Para ele, é inconcebível um órgão como o Supremo Tribunal Federal – STF, por exemplo, possuir hoje 2.450 funcionários. Uma média de 222  funcionários por cada um dos 11 ministros da casa. O órgão, segundo levantamento divulgado nacionalmente pelo Senador Cajuru, possui alguns números inconcebíveis como: 19 jornalistas; 80 secretárias; 116 serventes de limpeza; 24 copeiras e 27 garçons.

“A extravagância do SFT não termina aí”, afirma José Lucas da Silva  citando outros números fornecidos pelo senador José Kajuru (PSB-GO): O órgão gasta mensalmente R$ 15,7  milhões com atendimento médico e odontológico dos ministros e funcionários; R$ 2,1 milhões com educação pré-escolar; Possui em seu quadro de servidores 12 auxiliares de desenvolvimento infantil. A farra com o dinheiro público vai muito mais longe e se entrar na parte salarial e de gratificações e outros nomes, as coisas ficam muito pior.

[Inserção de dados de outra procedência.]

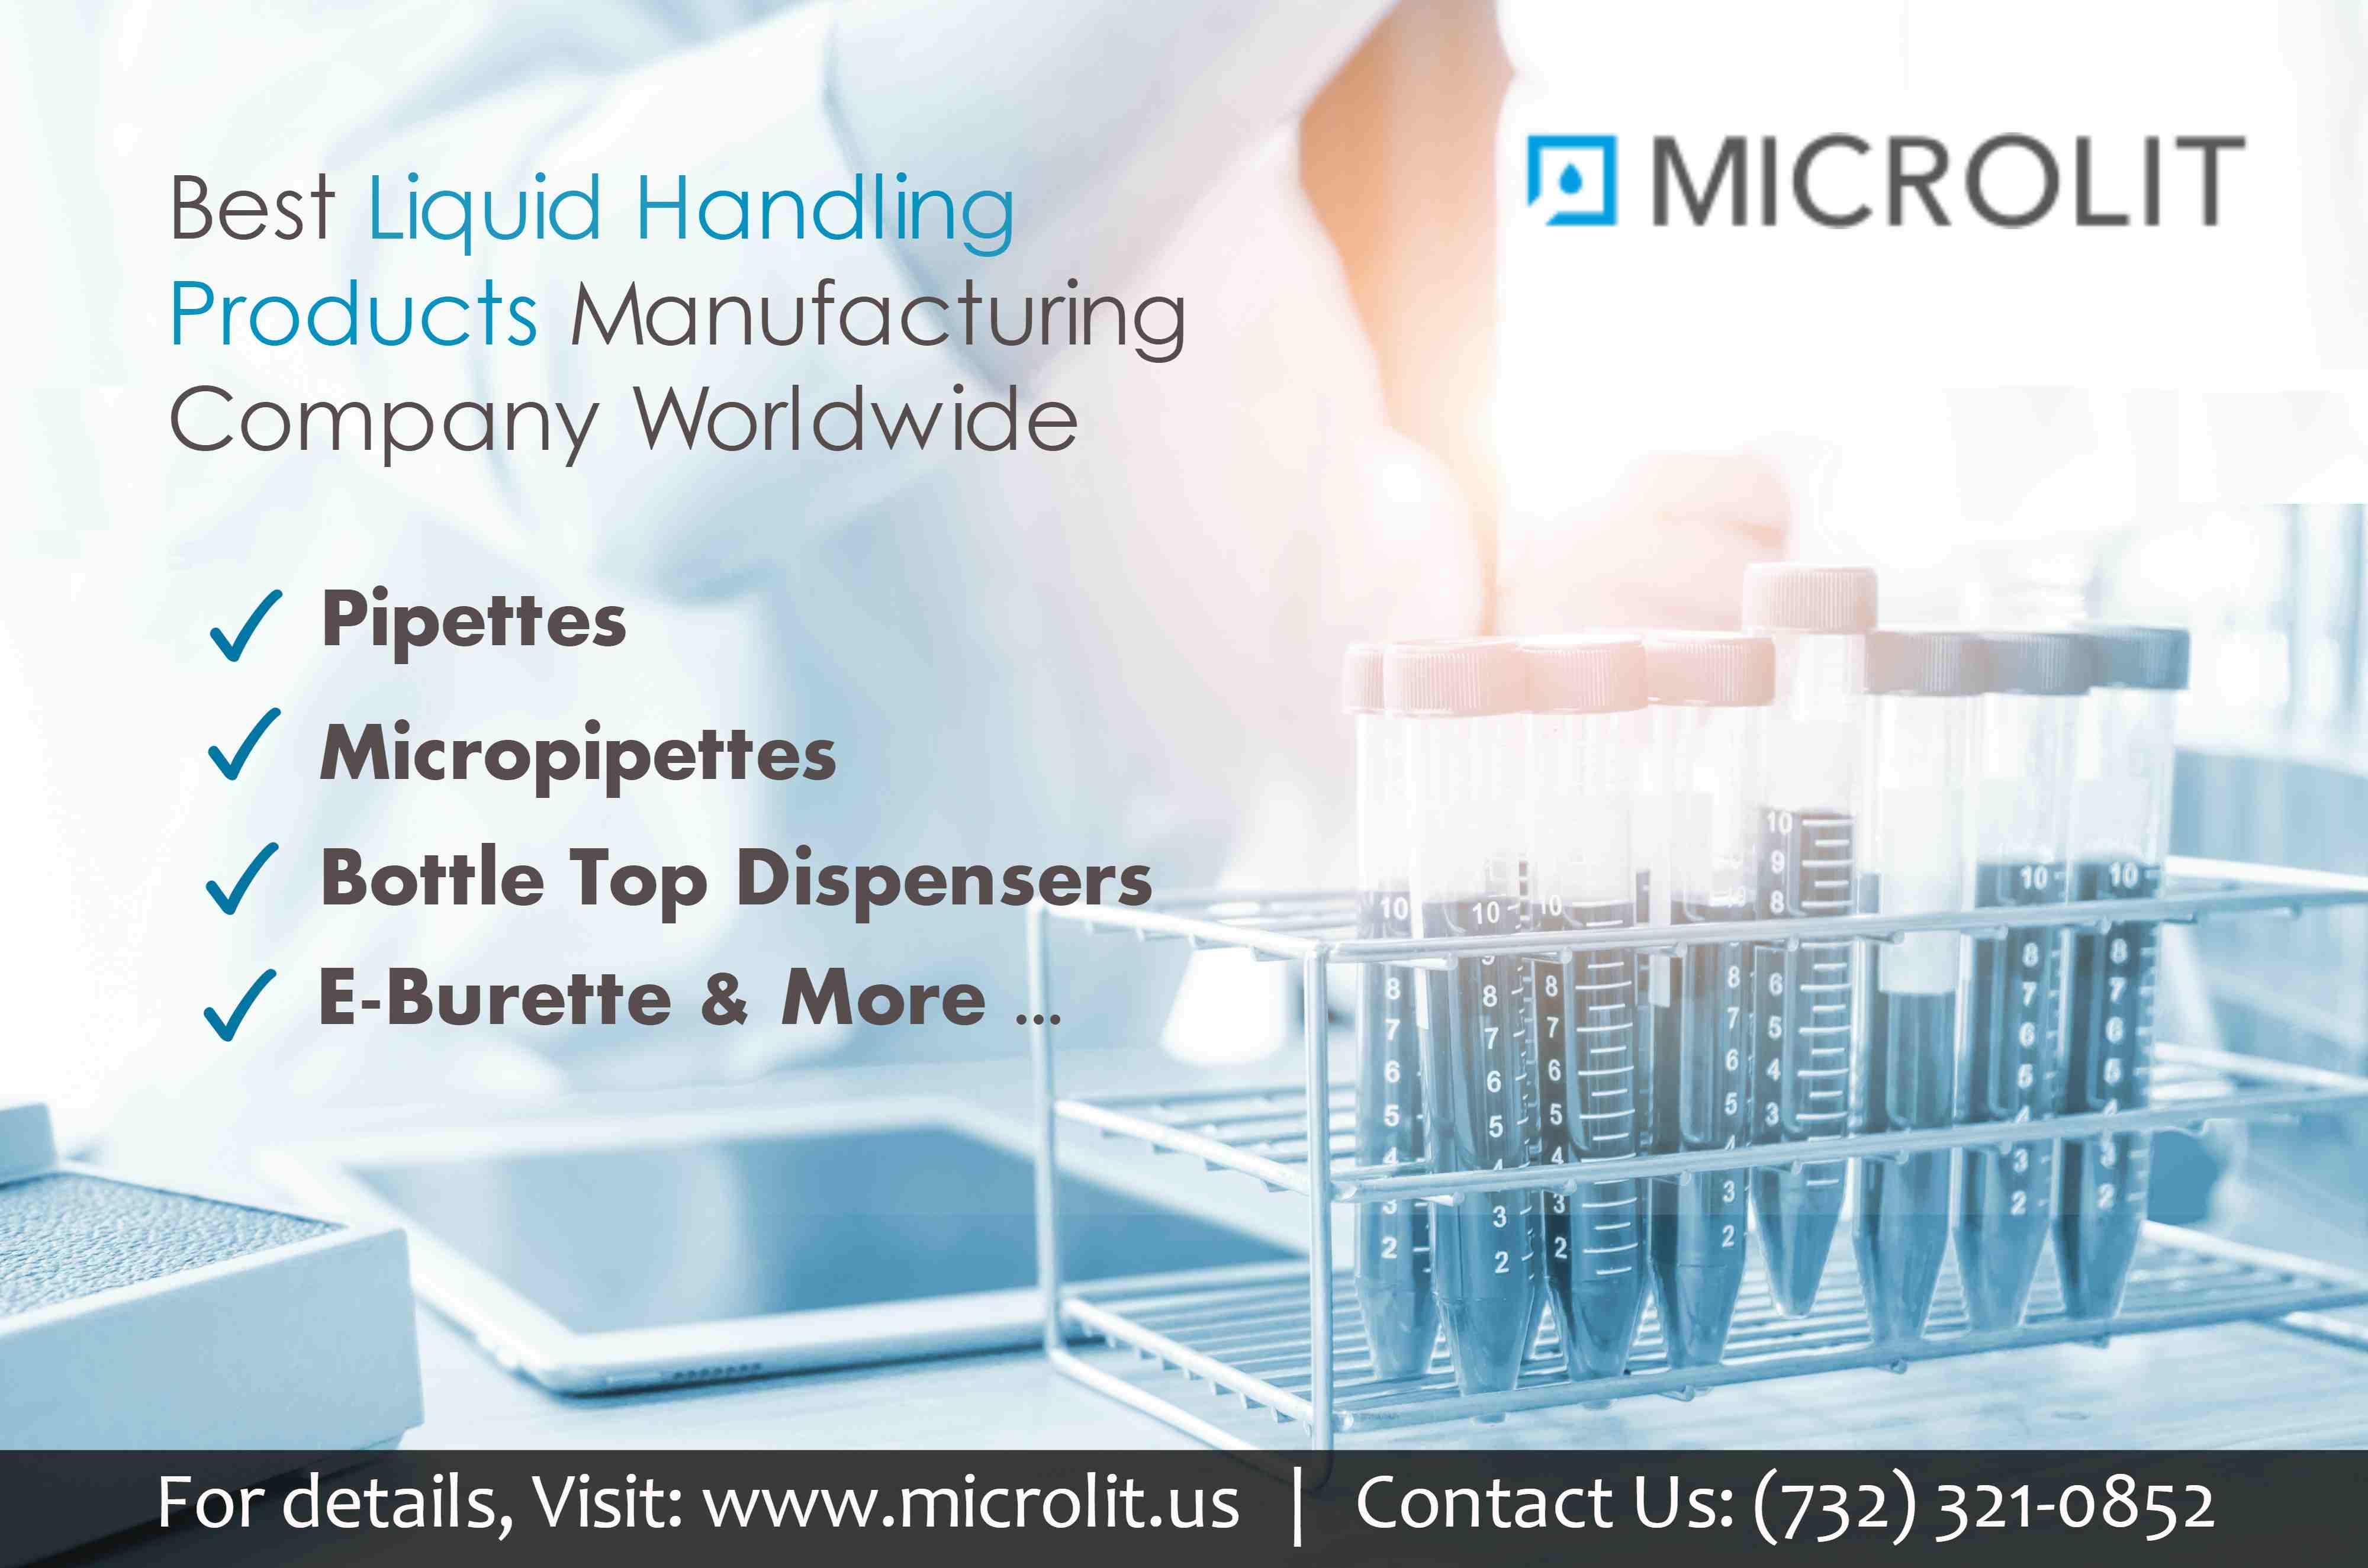 Image - Microlit is leading liquid handling manufacturing company that deals with most advanced and innovative produc...

Na Câmara dos Deputados, segundo José Lucas, a farra com o dinheiro público não é diferente. Além dos elevados salários e outras mordomias financeiras, os 513 “ilustres” parlamentares contam ainda com 432 apartamentos funcionais com mais de 200 metros quadrados cada um. Além disso, ainda recebem mais de R$ 4 mil de auxílio moradia. O apartamento destinado ao presidente da casa é 4 vezes maior, informa o sindicalista, com base nas denúncias levadas a público pelo senador Cajuru e outros organismos sociais.

Os deputados federais contam com uma verba chamada de “cotão” no valor de R$ 45 mil/mês para custear despesas  com restaurantes, por exemplo. E mais R$ 27 mil  com passagens aéreas e R$ 101 mil/mês para contratação de assessores.

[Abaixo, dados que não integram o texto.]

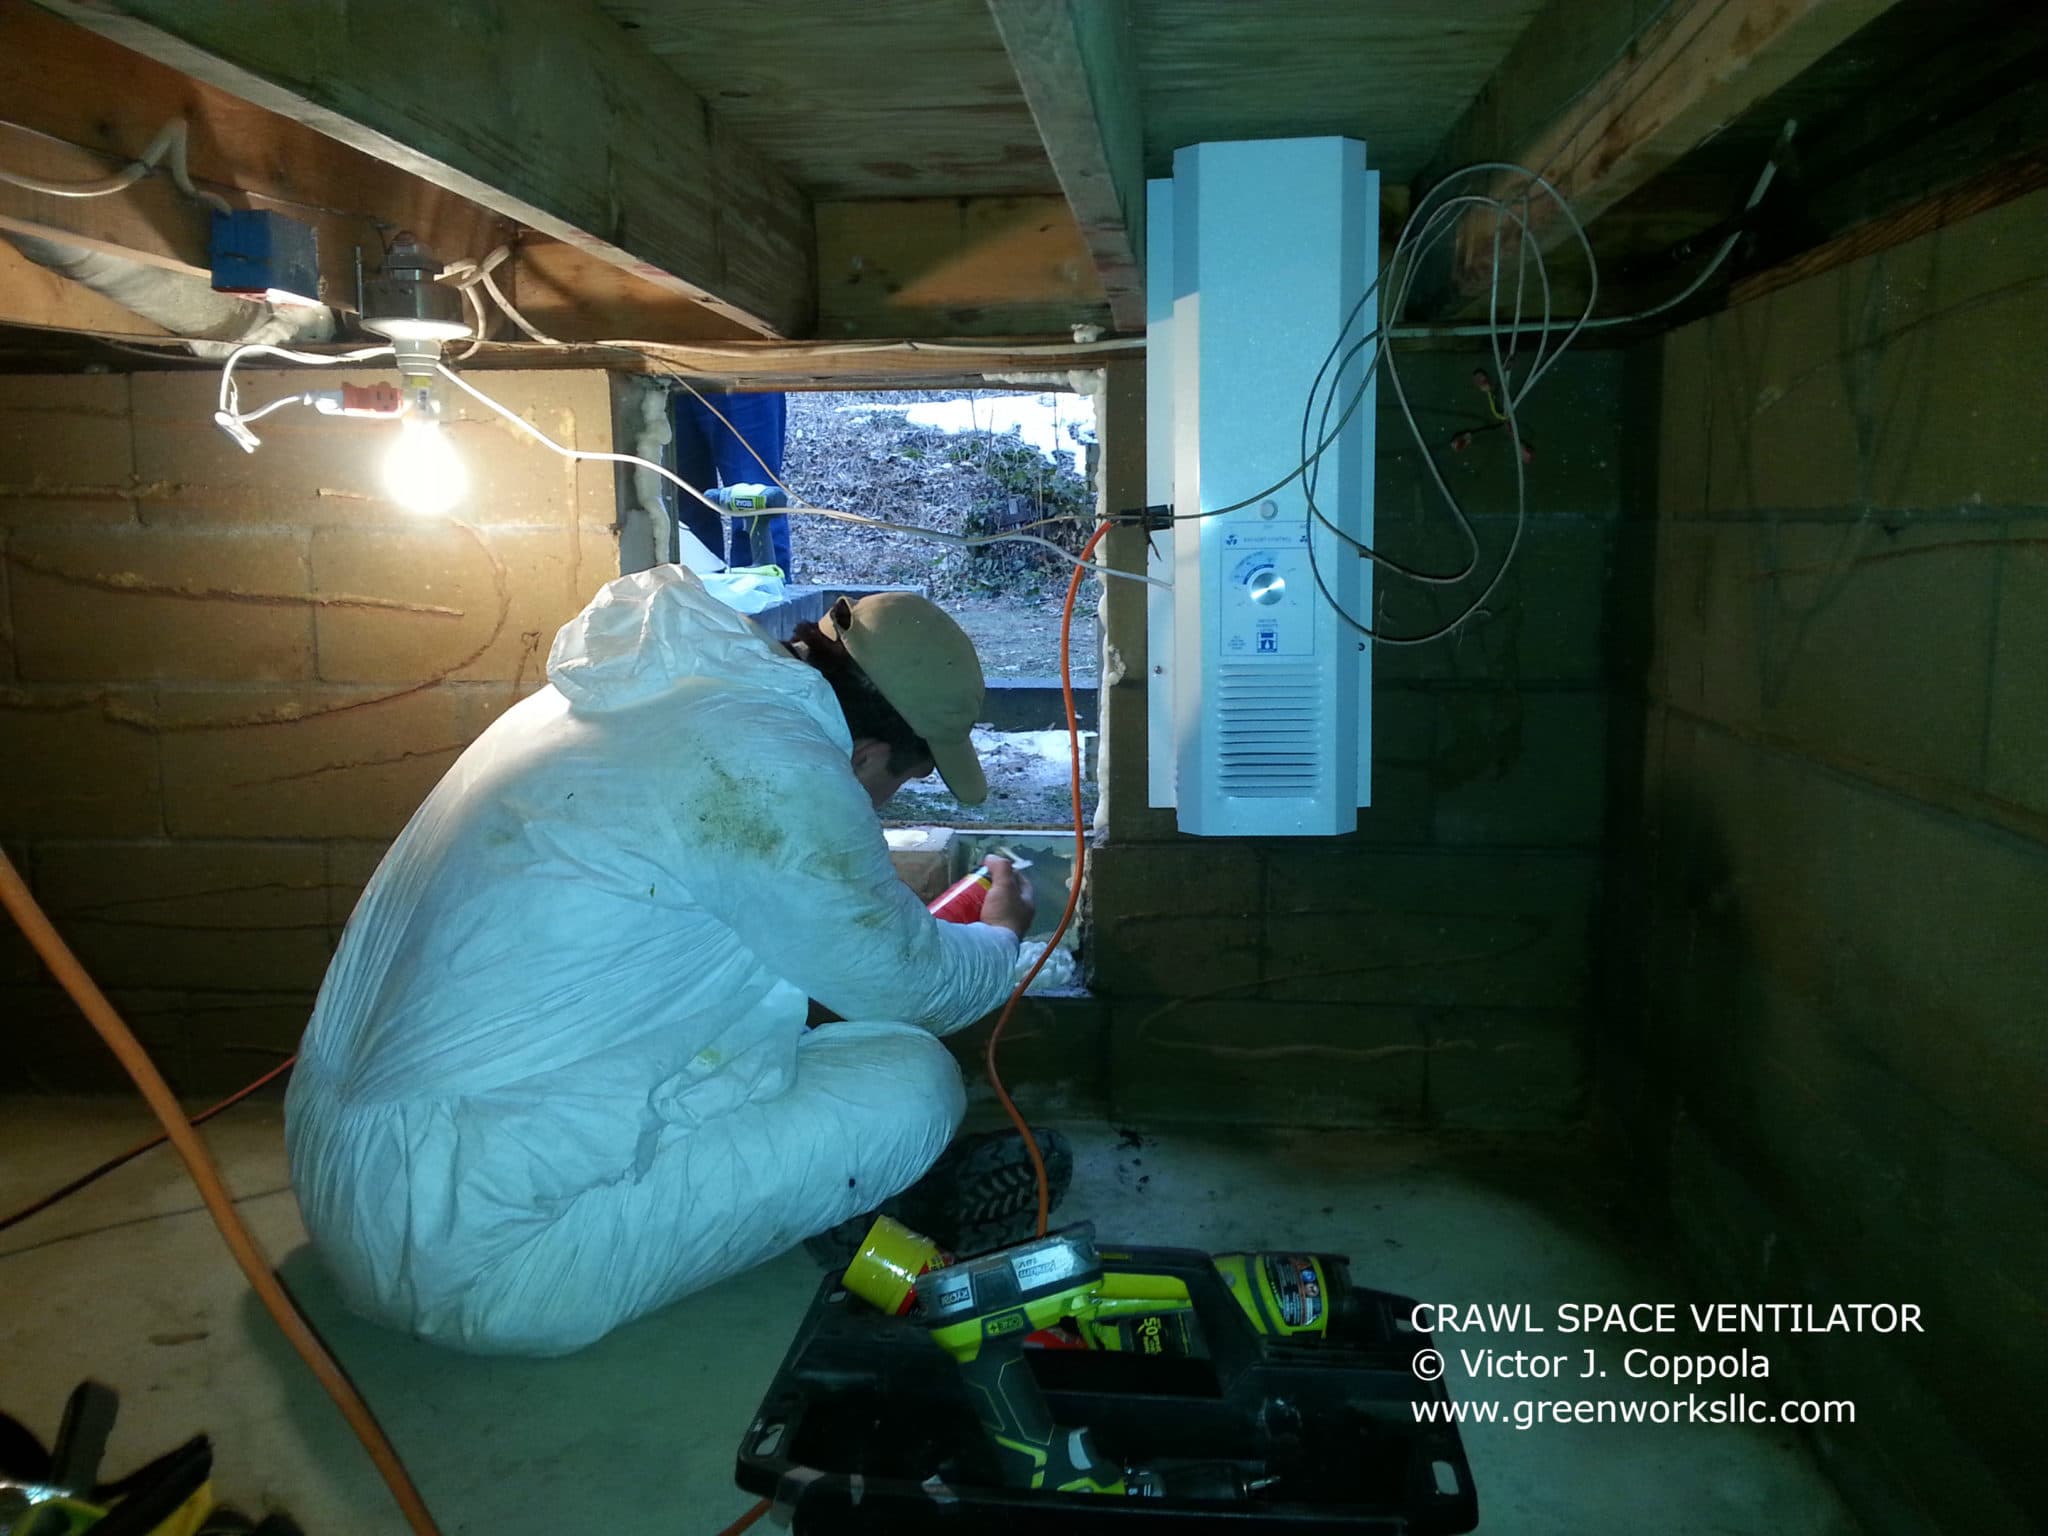 Expert fixing ventilation in a crawl space for moisture management

No Senado Federal, os parlamentares têm tudo isso e muito mais. Os apartamentos disponibilizados aos 81 senadores medem 500 metros quadrados. As assembleias legislativas dos Estados custam aos cofres públicos, segundo o senador Kajuru, mais de R$ 20 bilhões.

“Como podem nossas autoridades arrocharem a vida dos nossos aposentados e estabelecer um salário mínimo de pouco mais de R$ 1.000,00 e manter essas e tantas outras regalias?”, questiona o sindicalista dizendo que permitir essas mordomias é imoral e indecente. “Apesar de legal, isso precisa mudar, pois não cabe mais, nos tempos de hoje, mantermos esses tipos de coisas”, afirma José Lucas.

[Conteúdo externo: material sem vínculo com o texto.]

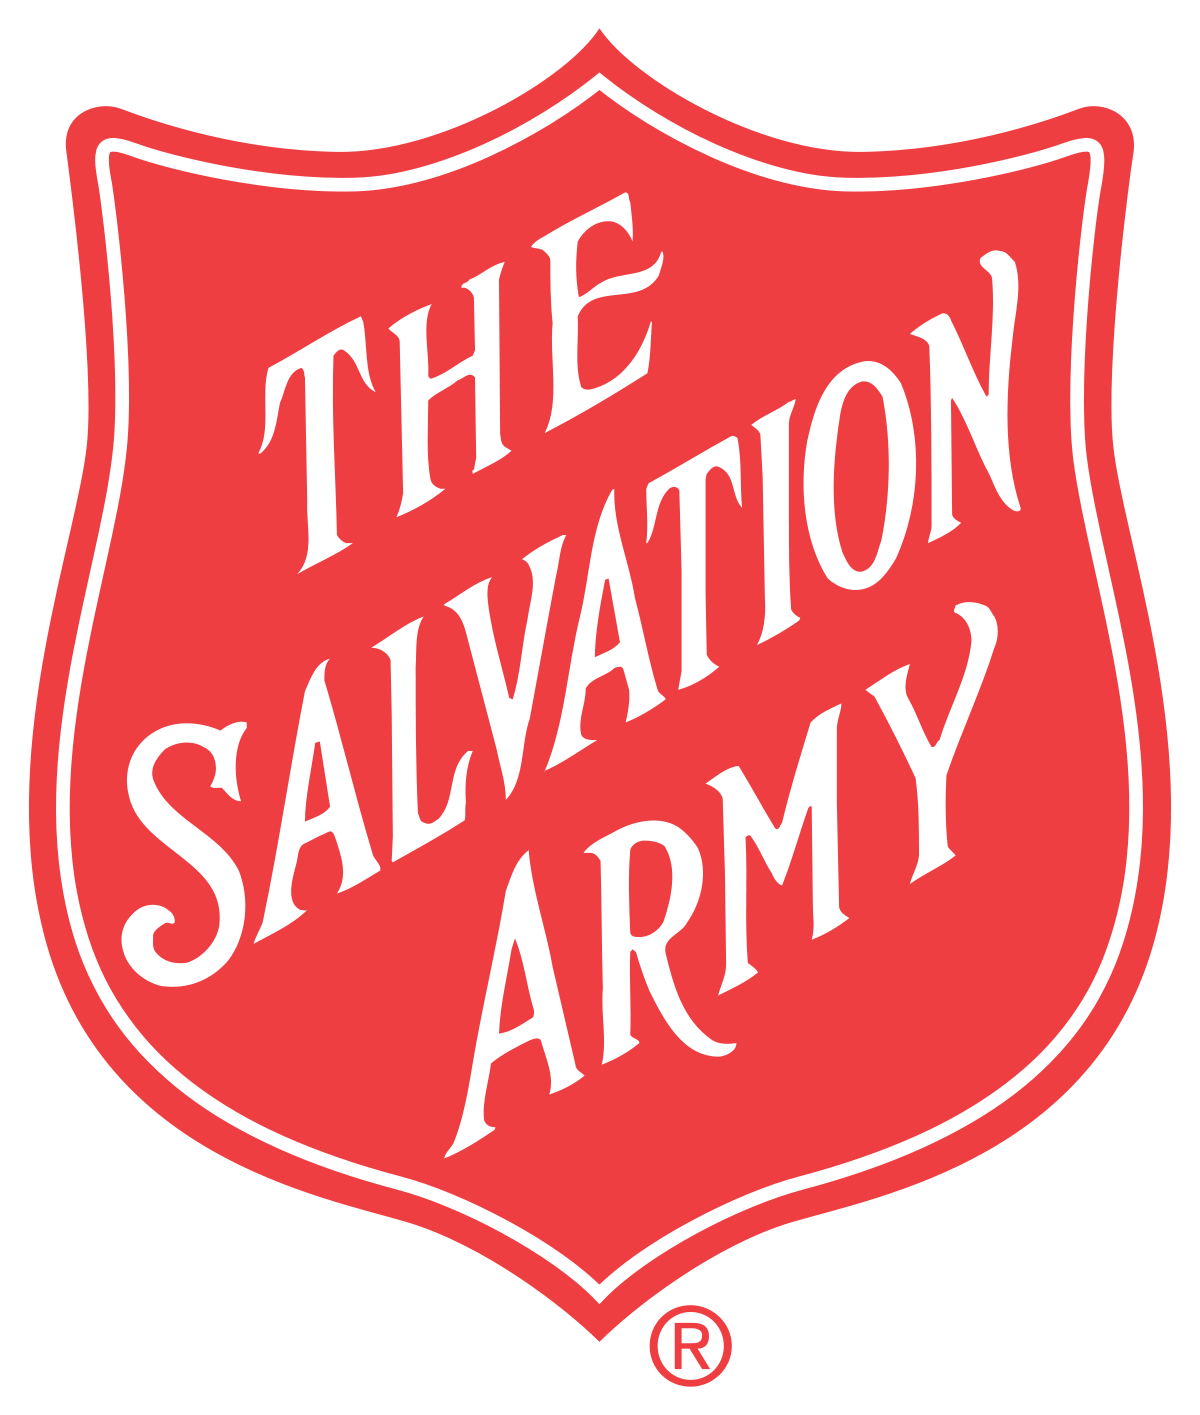 Salvation Army Red Shield Logo - The Salvation Army

Assim como houve as reformas trabalhista e da Previdência, ele sugere que as autoridades tratem logo de promover reformas nos três poderes para cortar absurdos como esses que denunciados e que levam boa parcela de recursos públicos para o enriquecimento de uma minoria, em detrimento do povo que não tem uma atendimento adequado  em qualquer das áreas como educação, saúde e infraestrutura. “Reformas nos três poderes, já”, afirma o presidente da Feintramag.